“Am I blue, am I blue, ain’t these tears telling you, am I blue, you’d be too”
Blue Is the Warmest Color is the Cannes Film Festival’s Palme d’Or winning story of a young woman’s first love and loss. In an unusual move, the film’s French director, Abdellatif Kechiche, accepted the award alongside it’s two female leads, Léa Seydoux and Adèle Exarchopoulos. This was more surprising given the controversy surrounding the film and the working conditions for the actors who described the experience as “horrible.” Seydoux went even further when she said that Kechiche made her feel “like a prostitute.”
Note: This review contains spoilers.
The controversy didn’t end there. In Andrew O’Hehir’s Salon.com review, he describes the reaction to the film by the author of Blue Angel, “comic-book artist Julie Maroh, author of the graphic novel on which the film is based (the screenplay is by Kechiche and Ghalia Lacroix), has suggested that Kechiche turned her queer coming-of-age fable into porn and quipped that what was missing from the movie were actual lesbians. (Both actresses are heterosexual, and the director is a straight man.)”

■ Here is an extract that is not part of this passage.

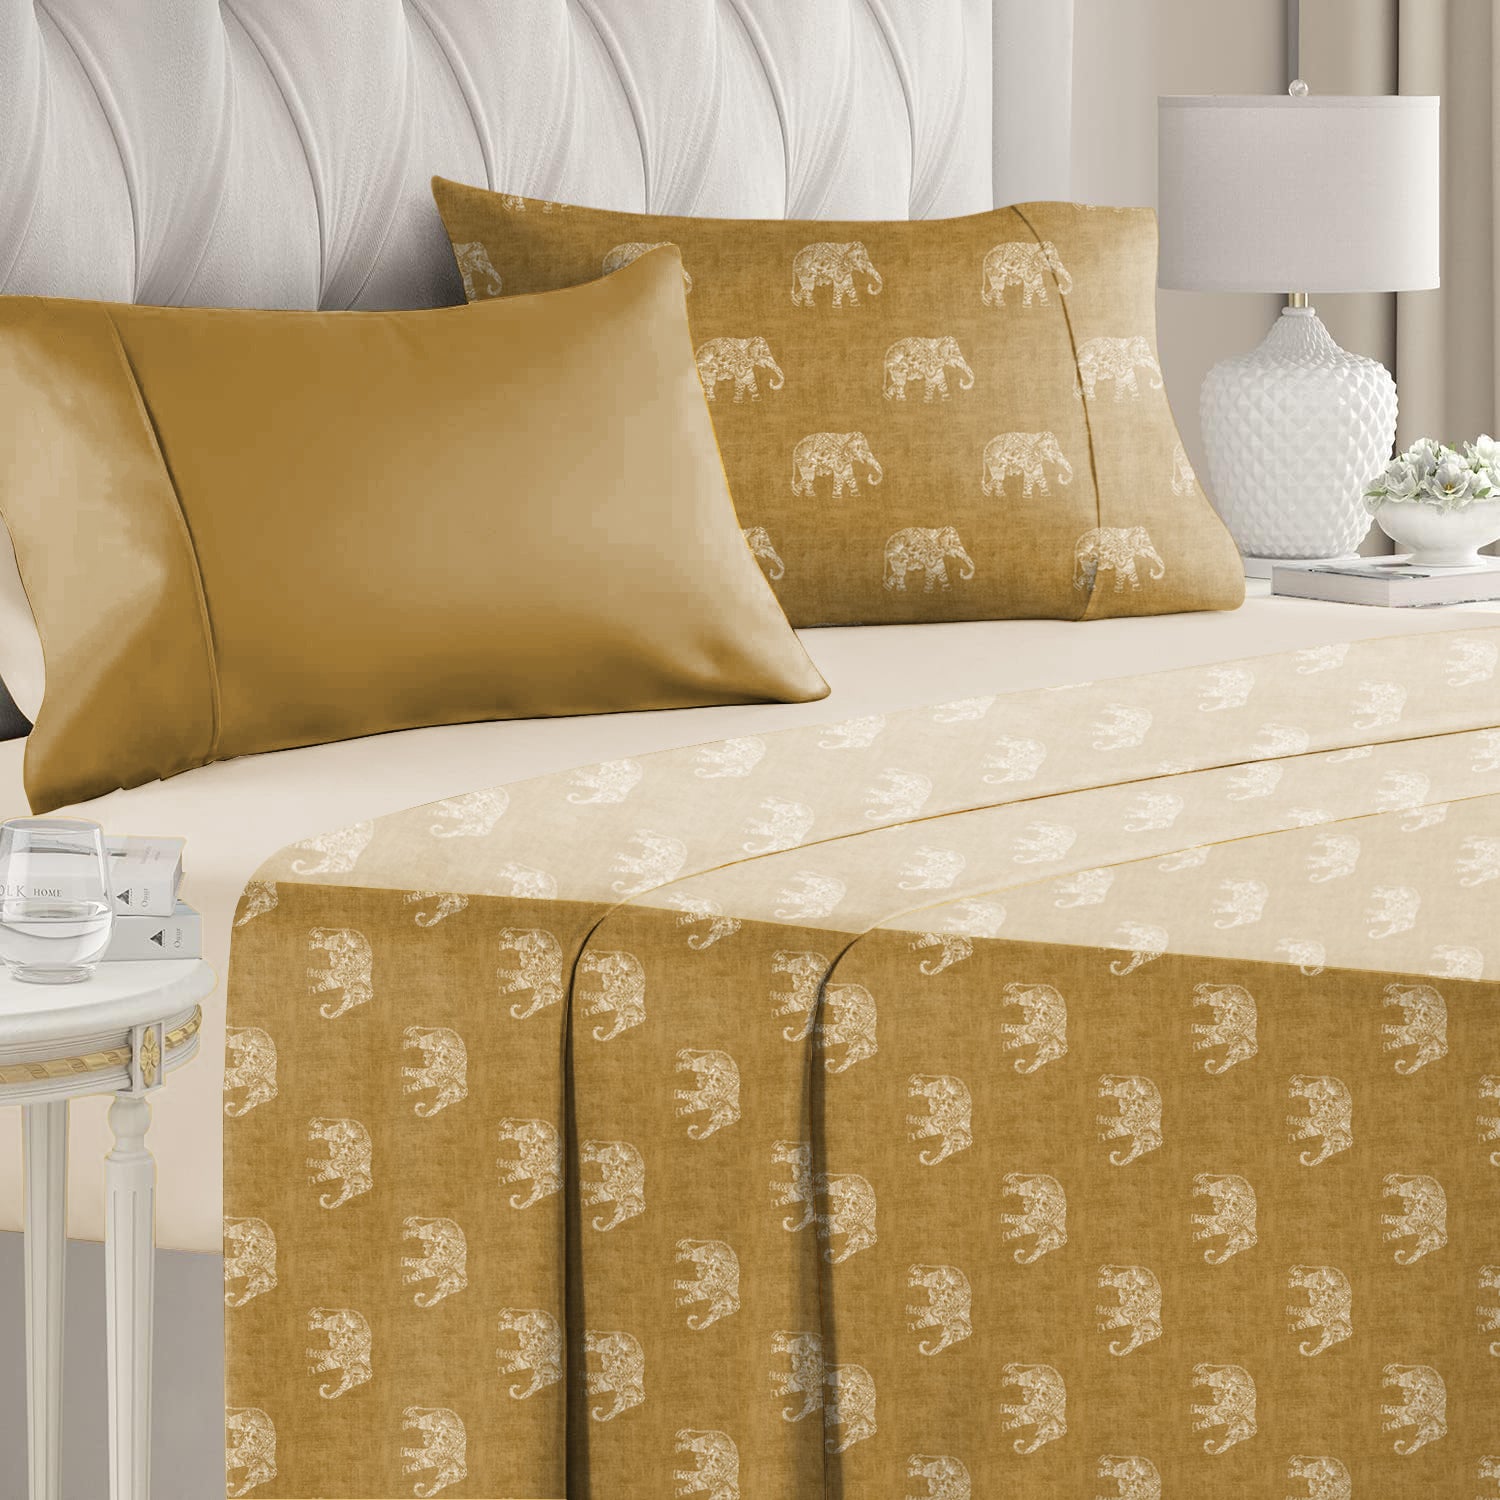 Jodhpur Elephant Bedsheet for Double Bed with 2 PillowCovers King Size (104" X 90") Camel

What many film-goers talk about after leaving the theater is the 10 minute sex scene that took 10 days to film. It’s real sex, not simulated, though for this viewer it never felt gratuitous, or pornographic. This is in fact the compelling story of a working-class student, Adele’s, first passionate relationship which happens to be with a woman, Emma, a blue-blooded artist with blue hair. Yes, the blue imagery and symbolism is pervasive and will most likely be the subject of some future film student’s dissertation. Blue is everywhere: in the clothing, the scenery, the music, the paintings, and in the end answers Billie Holiday’s question,” Am I Blue?” For Adele, both first love and first loss are life-changing events, yet as most of us learn, life goes on.
The theme that intrigued me the most was the class difference between the lovers and the tension it created. As often happens in relationships it’s our differences that create the attraction and the mystery.
We seek to “unfold” each other, to discover our innermost secrets and dreams like unwrapping a gift, intimately, physically, and emotionally. This is certainly true for Adele and Emma. Just as Adele was discussing in her literature class, love can occur at first glance. It does for her when she first sees Emma with the blue hair and Adele turns Emma’s head too, both literally and figuratively. It’s as if in that moment they are destined to be lovers.
It is my personal theory that many relationships begin with this celebration of differences, yet slowly over time, we often attempt to remake the other to be more like ourselves.
This is certainly true in Blue Is the Warmest Color. We see this first in the discomfort with the differences in their family of origin dinner introductions. Emma slowly begins prodding Adele about her culinary preferences, education and career path. Once Adele becomes a teacher, moves in with Emma and fulfills the role of “supportive wife,” cooking her father’s peasant specialty, Spaghetti Bolognese, while hosting gallery owners and Emma’s academic and artist friends, Emma begins to pick at her, question her work and strongly suggest Adele should become a writer. Adele responds, “I write for myself. I enjoy teaching young children.” Later that evening Adele suspiciously observes Emma flirt with a pregnant friend. Later she asks Emma if they were once lovers.
As Emma pursues her artist’s career and secretly spends time under the guise of professional collaboration with the new object of her affection and future subject of her “red phase” of paintings, Adele, out of her loneliness and alienation from Emma, seeks the comfort of her work colleagues and has a brief affair with a man. When discovered, this becomes the reason for the end of their relationship.
Unfortunately, Blue Is the Warmest Color played in Madison at Sundance for only a week, not sufficient time to build word of mouth and get people into the theaters. This film is worth seeing. In my view it is deserving of the Palme d’Or, the international movie industry’s most prestigious award. Download it, see it in another city, or buy the film. Gather your friends for a viewing, serve Spaghetti Bolognese with a good cheap red wine or Perrier and a fresh loaf of French bread, and discuss this universal story of first love and loss, and the meanings of all the blue imagery.